Meryri was glaring balefully at him. "Are you still doing that? I finished that two days ago. Now listen, I noticed something, but I can't find out more. You're little, you can probably spy, right?"
"If you finished it, you must know how to get there." Luckily for him, Meryri was not a telekinetic, because her stare looked like it might move daggers into his chest. "Fine, help me with this and I'll help you with that."
"Forget about that. Besides, I can't help. Someone else took me. By touching a cookie." Volucex shook his head; it's bad enough she wouldn't help, but did she have to also tease him with absurdities? "Look, Magnagora and Celest are eternal sworn enemies, right?"
She never did read any of the aetherscrolls. She would probably think of the library as a good place for a fight, or a nap. "Yeah. It goes back to Project Cosmic Hope. Let me tell you about it."
But before he could start, she was shaking her head. "So I saw this hidden spot in the northern mountains that isn't on any of the maps, and the weird thing is, there's a bunch of taintfolk and a bunch of lightfolk there working together, or at least that's what my far-sight shows, but I can't get close enough to see what they're doing. But you're little and besides you can make yourself invisible. So you go in and listen for a few and come back and tell me. It could be important!"

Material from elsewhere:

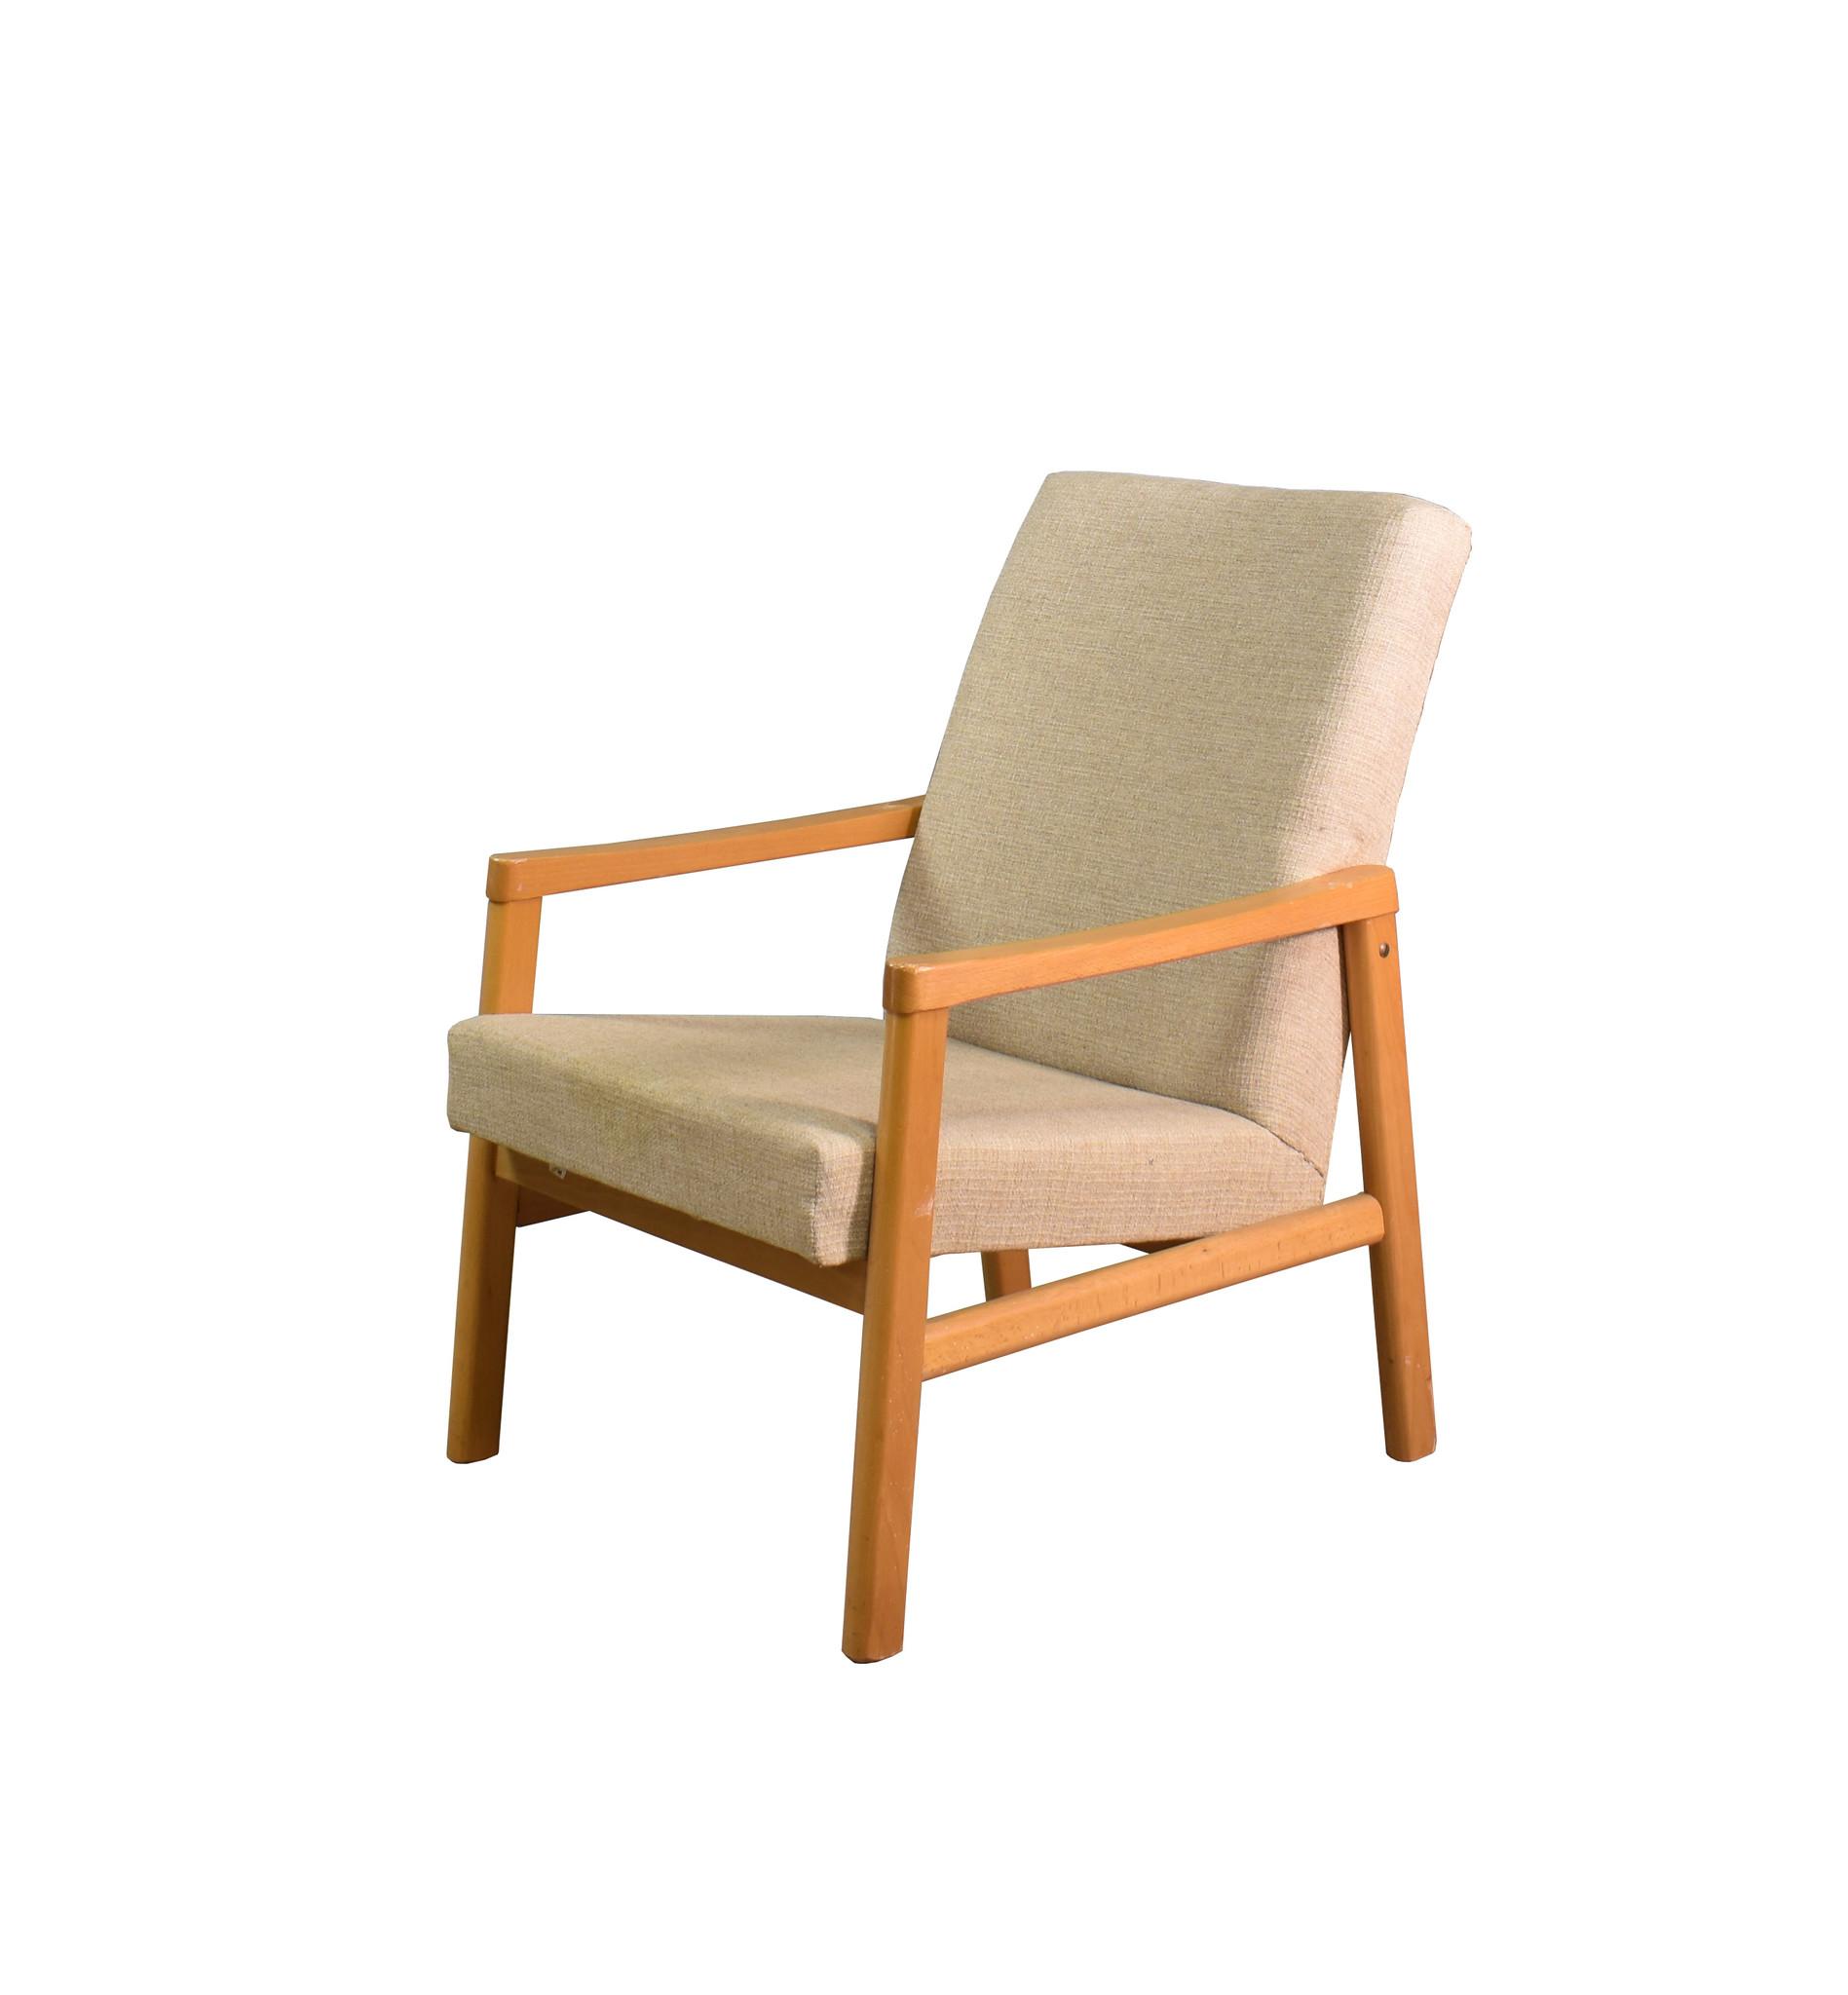 Eetkamerstoel Vintage design stoelen

"I don't know. Even one of them could kill me twice in the time it would take me to figure out how to cast a spell. And I am no longer protected by grace. I, ummm, I rejected it because I thought I had to, when I was trying to help some gnomes…" He trailed off in embarrassment.
But Meryri wasn't paying attention; her eyes had the far-away focus that meant she was using some kind of spell of discernment, probably one he hadn't learned yet. "Never mind," she said. "They're leaving. I can go look by myself."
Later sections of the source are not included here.